To be clear, Brexit is no small matter. The outcome of the 2016 referendum indeed shocked the world. People talked about the disintegration of the European Union, the death of globalization, and the decay of liberalism. Coupled with the election of Donald Trump, it seemed like the Western coalition is destined to fall apart.

And it is the consensus that Britain crashing out of the EU would be detrimental economically. According to a recent research done by BBC, about 30 percent of UK's food are from the EU. A no-deal Brexit would, for a period of time, make perishable goods like fresh fruits and vegetables scarce. Empty shelves would appear in shops and expenses for daily groceries would rise. The energy ties between the UK and the EU will be missed after gas price hikes. Every driver in the UK has to be burdened with extra costs every time they move their cars.

After three years of negotiations, failures, and leadership changes, all eyes are on the upcoming vote in the Westminster. However, while many stress the potential impact of Sunday's vote, the reality is that the outcome of the Brexit vote might not be as consequential as it is portrayed to be. Despite the economic fallout, the political fallout of Sunday's vote would be actually rather limited.

The shock in 2016 is linked to the fact that people didn't expect the outcome to be what it was. And the rapid succession of nationalistic and populists wins across the West left a large portion of the public unable to process these events. However, three years of slugging the Brexit bill through EU and UK parliament have more than prepared the people. As former prime ministers Theresa May and Tony Blair have said on multiple occasions, the people are indeed tired of Brexit. At this stage, the outcome of the vote could no longer be a surprise and have such an impact on people's psyche.

Incoming European Commission President Ursula von der Leyen greets Prime Minister of UK Boris Johnson (front R) during a round table meeting at the European Union Headquarters in Brussels on October 17, 2019. /VCG Photo

Incoming European Commission President Ursula von der Leyen greets Prime Minister of UK Boris Johnson (front R) during a round table meeting at the European Union Headquarters in Brussels on October 17, 2019. /VCG Photo

Secondly, the European Union is not what it was in 2016. Today, major member-states are more occupied with domestic events. The champion of globalization – German Chancellor Angela Merkel – has been mired in questions about her health and her choice of successor. Emmanuel Macron, once seen as the future of Europe, is still been haunted by the Yellow Vest protesters and a rising inequality and poverty rate. Italy has just dragged itself out of a dysfunctional ruling coalition while unsure about the Conte-administration's longevity. And the UK, of course, has been in political stagnation for three years.

Occupation with domestic politics means that the EU as a governing structure has been neglected. And with a U.S. President who is not interested in building and maintaining institutions, the European Union is less politically active than it used to be. As a result, the Brexit of today would have less impact on the operation of the European Union than it'd have in 2016.
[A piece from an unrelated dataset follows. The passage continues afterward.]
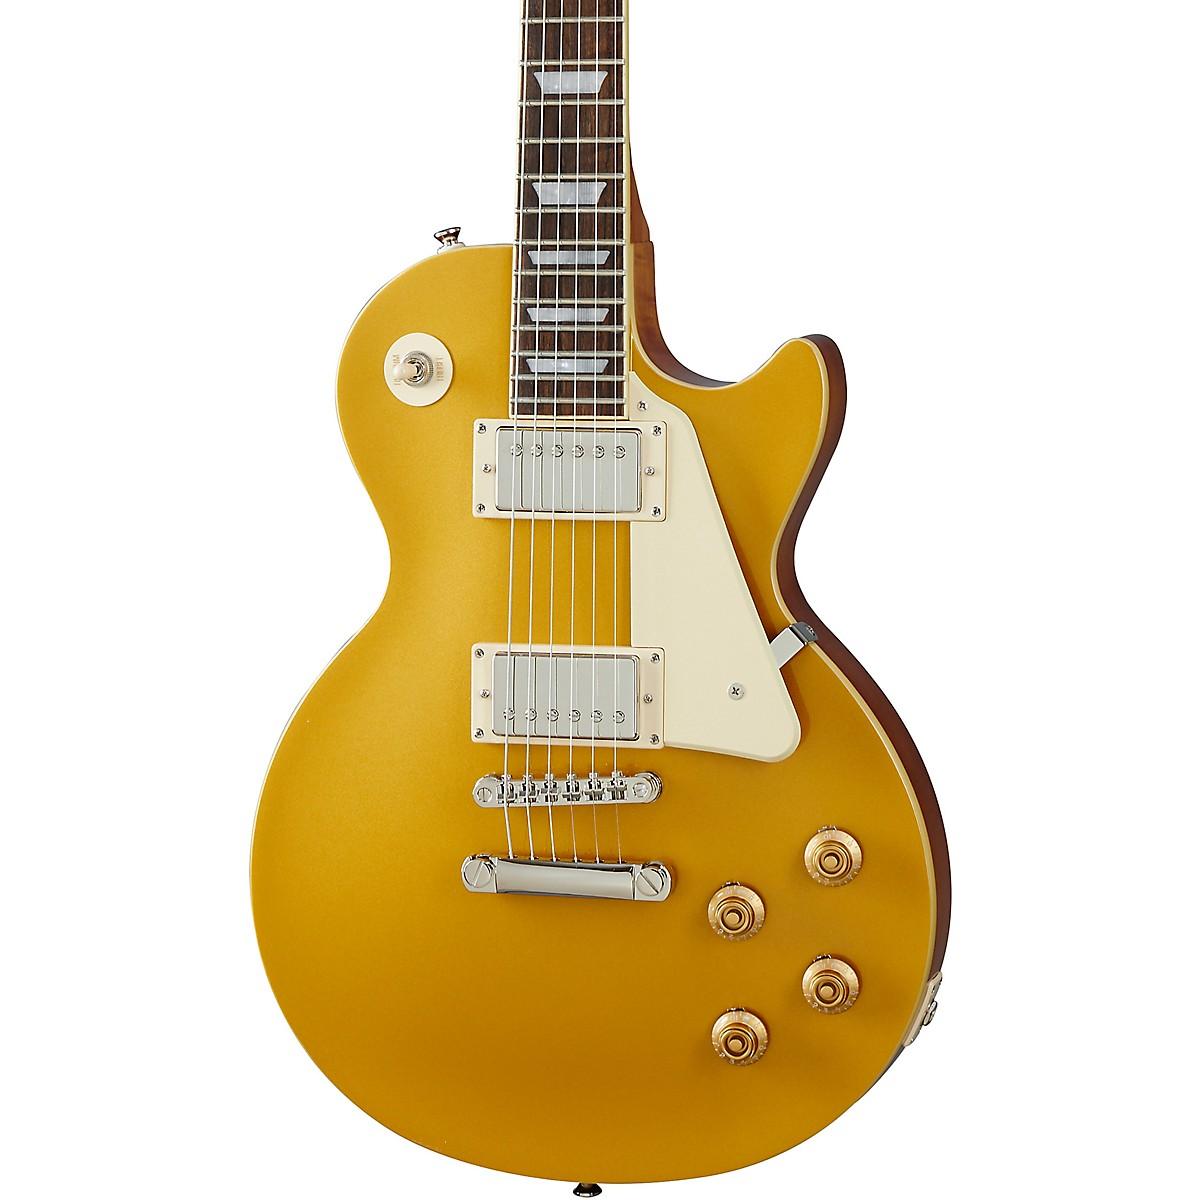 Epiphone Les Paul Standard '50s Electric Guitar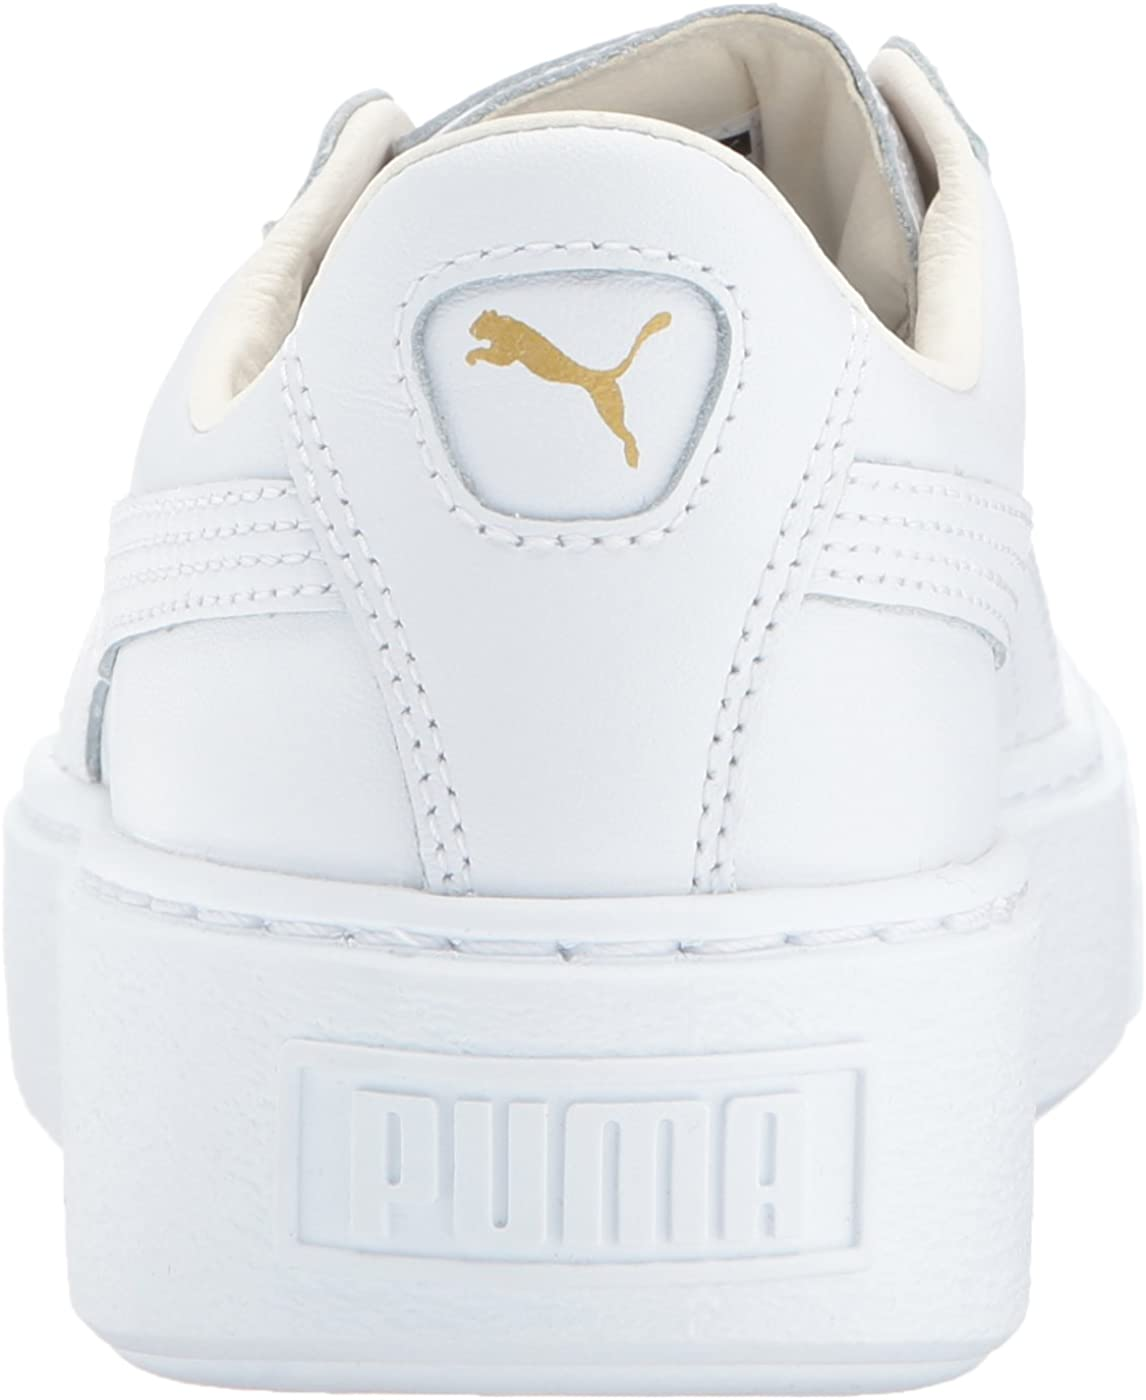 puma basket platform core white gold

Finally, and most importantly, the nationalistic and populist elements in European countries have already entered the governing system. The Alternative for Germany Party catapulted into the third largest party in Germany's 2017 election. Poland's current ruling party – the Law and Justice party – is itself a populist right-wing force. And in Austria, the current Chancellor has a history of forming ruling coalition with right-wing populist party. In the UK, Prime Minister Boris Johnson has been the chief populist politician for the last three years.

The rise of nationalistic and populist powers in European countries are shaping the trajectory of European politics. It has already constrained the globalization-oriented political parties on the continent. Brexit, though it sparked the rise of nationalism and populism in Europe, would not be able to fundamentally influence this trend.

In essence, Brexit has turned from an originator into part of the event. The shock of the event and the difference in ideology has lost the force they had when they burst onto stage in 2016. And major European power's occupation with their domestic politics makes advancing globalization a secondary agenda. Though the Brexit vote on Sunday might entail severe economic consequences, it wouldn't be able to change the politics in the European Union as much.